Back at the panto laboratory, the rehearsal discussions are focusing on the script. Should the Baron be a Cockney, or is a Birmingham accent more intrinsically evil? Should a joke about Jesus sandals be replaced with a more secular allusion? Dominic is adamant on this point, and pacifies our writer with a lie about the bad luck that religious references are traditionally held to bring to pantomime. It's a frenzy of creativity: Peter Brook could have written a book about it. As we go hell for leather on a particularly energetic dance routine to "Rocking Around the Christmas Tree", the words of Desmond Barritt come back to me: "What dress size are you? I've got lots of costumes and you're very welcome to borrow them if you're going to do it again." My left boob pops out of my costume and flies across the room. Next Christmas, I'm having the pick of his frocks.

8 Jack and the Beanstalk, Theatre Royal, Norwich, to 25 January (01603 630000); Jack and the Beanstalk, Alhambra Theatre, Bradford, to 9 February (01274 752000); Aladdin, The Hawth, Crawley to 5 January (01293 553636); Dick Whittington, Gatehouse Theatre, Stafford to 4 January (01785 254653).

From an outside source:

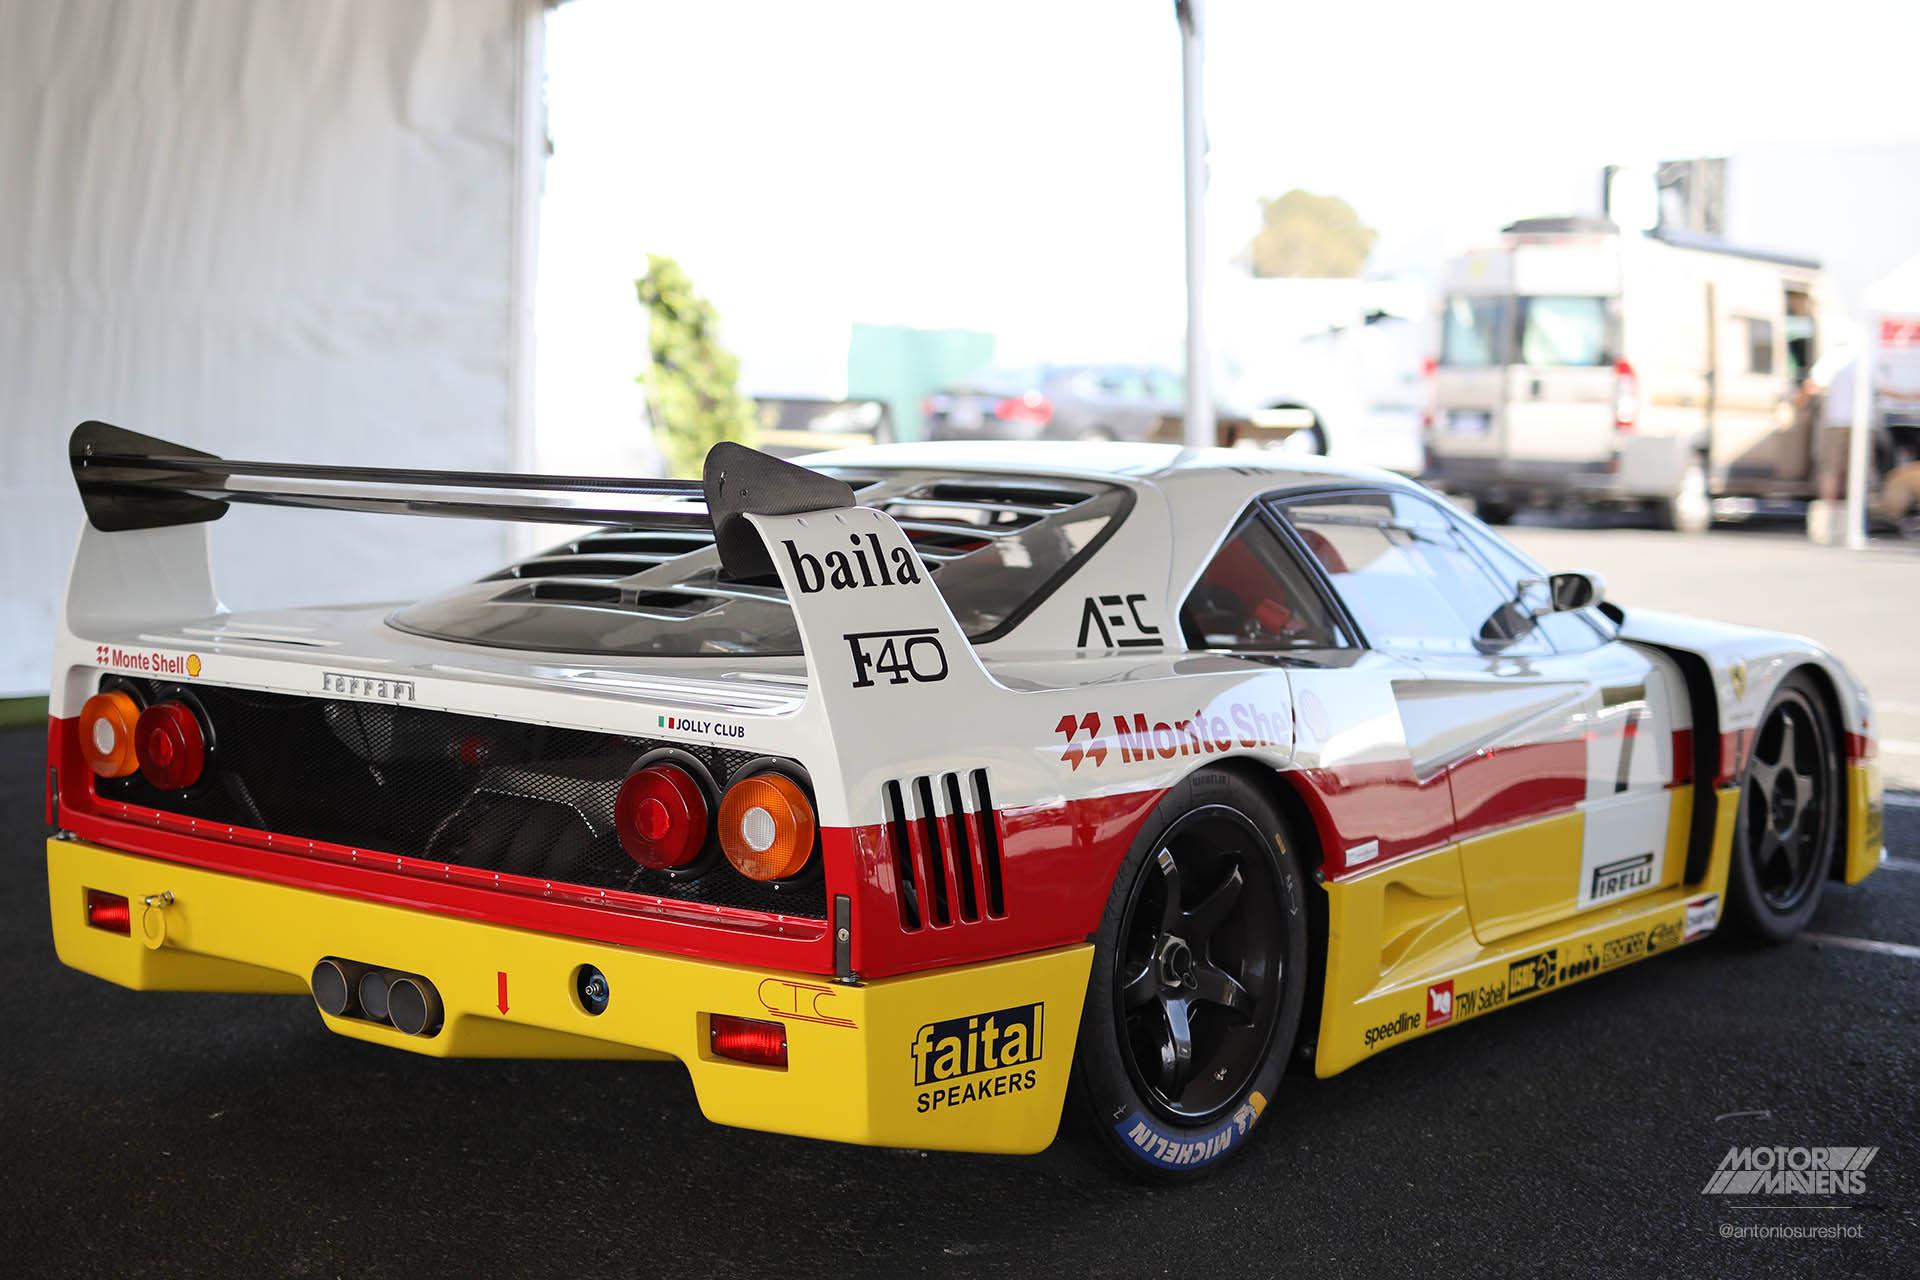 Ferrari F40 LM, F40, Ferrari, Antonio Alvendia, Ferrari, F40 LM, Sonoma Speed Festival, Ferrari F40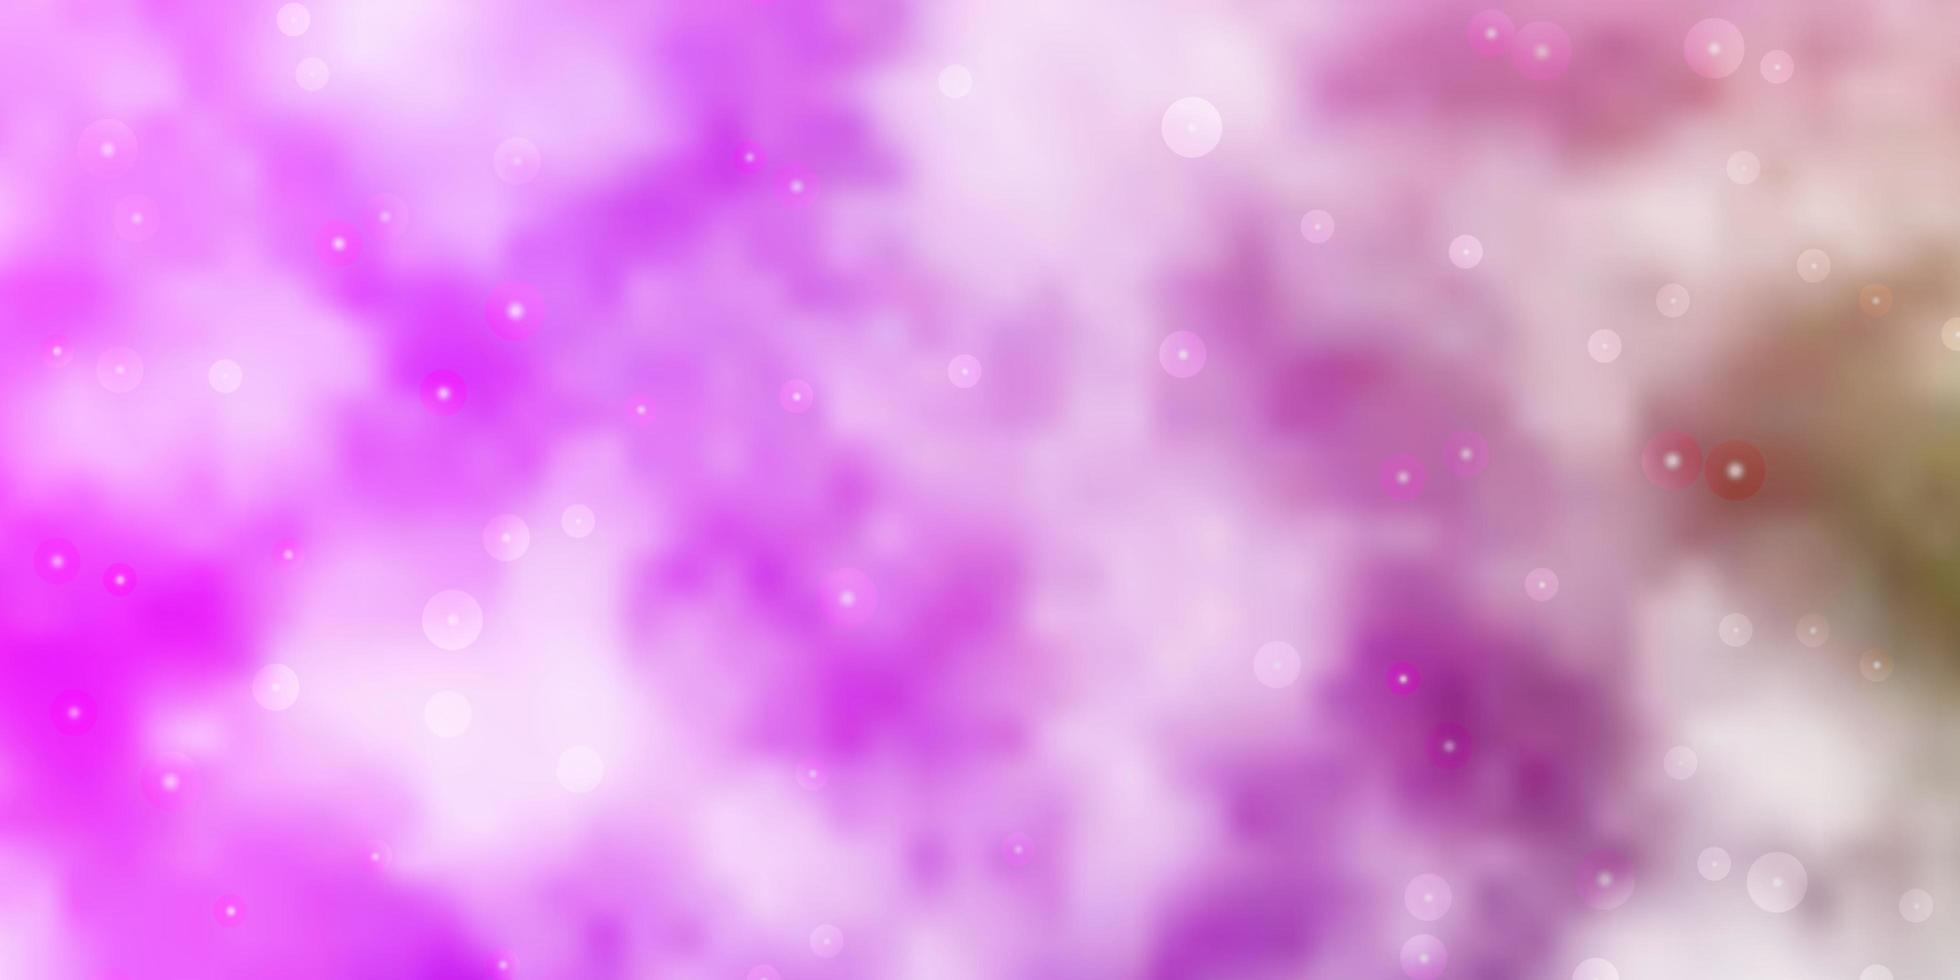 hellrosa, grüner Vektorhintergrund mit kleinen und großen Sternen. vektor

don't let your y-fronts show through the tights, say the experts

DESMOND BARRITT

Dame Trot in Jack and the Beanstalk, Theatre Royal, Norwich

"I would never wear a costume that revealed any skin - no shoulders and arms exposed - that seems distasteful to me. You either cover up your legs or you make a virtue of their being hairy. For instance, I would never dream of coming on in an incy wincy bikini, I'd have a Victorian type of thing if swimwear were necessary. I once had to play a harem dancer, so I had a body stocking underneath with a harem costume over the top. But you've got to be careful. It looks dreadful if your Y-fronts are showing through your tights."

CHRISTOPHER BIGGINS

Sarah the Cook in Dick Whittington at the Gatehouse Theatre, Stafford

"I have a yellow crinoline dress, with a blue tablecloth attached which has a plate on each corner piled with eggs and bacon and beans. There's a sauce bottle and salt and pepper pots on the bodice. People ask me if I like wearing women's clothing, but any woman who wears what I wear must be mad."

BRIAN CANT

Widow Twankey in Aladdin, The Hawth, Crawley

"I like a dame to be obviously a man dressed as a woman. There are lots of actors who are marvellous making the dame into a glam lady such as Danny la Rue and Barry Howard, but I like the old style, the Arthur Askey and Jack Tripp style. They just played it as a man dressed as a woman - like Charley's Aunt. If a lady played dame and got a custard pie in the face, it's wouldn't be as funny as a man dressed as a woman getting a pie in the face. It's not funny to insult women. If anybody bumps me in the boobs, its funny, but if it was a lady, it wouldn't be."

GEOFFREY DURHAM

Dame Trot in Jack and the Beanstalk at the Alhambra, Bradford

"I like dames to wear black Chelsea boots and stripy socks - if you start wearing things that are too glamorous you're crossing a taste boundary you don't want to cross; the point of the dame is that it's a man's way of looking at women and having a laugh with it. It's nothing to do with female impersonation. What you have to do is allow the audience in on the secret that you're really a man - if they stop knowing that it's a man the whole thing becomes a rather creepy experience. And there mustn't be any creepiness. I've seen dames that looked like child molesters. You can only introduce an element of glamour towards the end of the show, and it's always got to be a glamour debunked by an undercurrent of being a hairy-arsed git."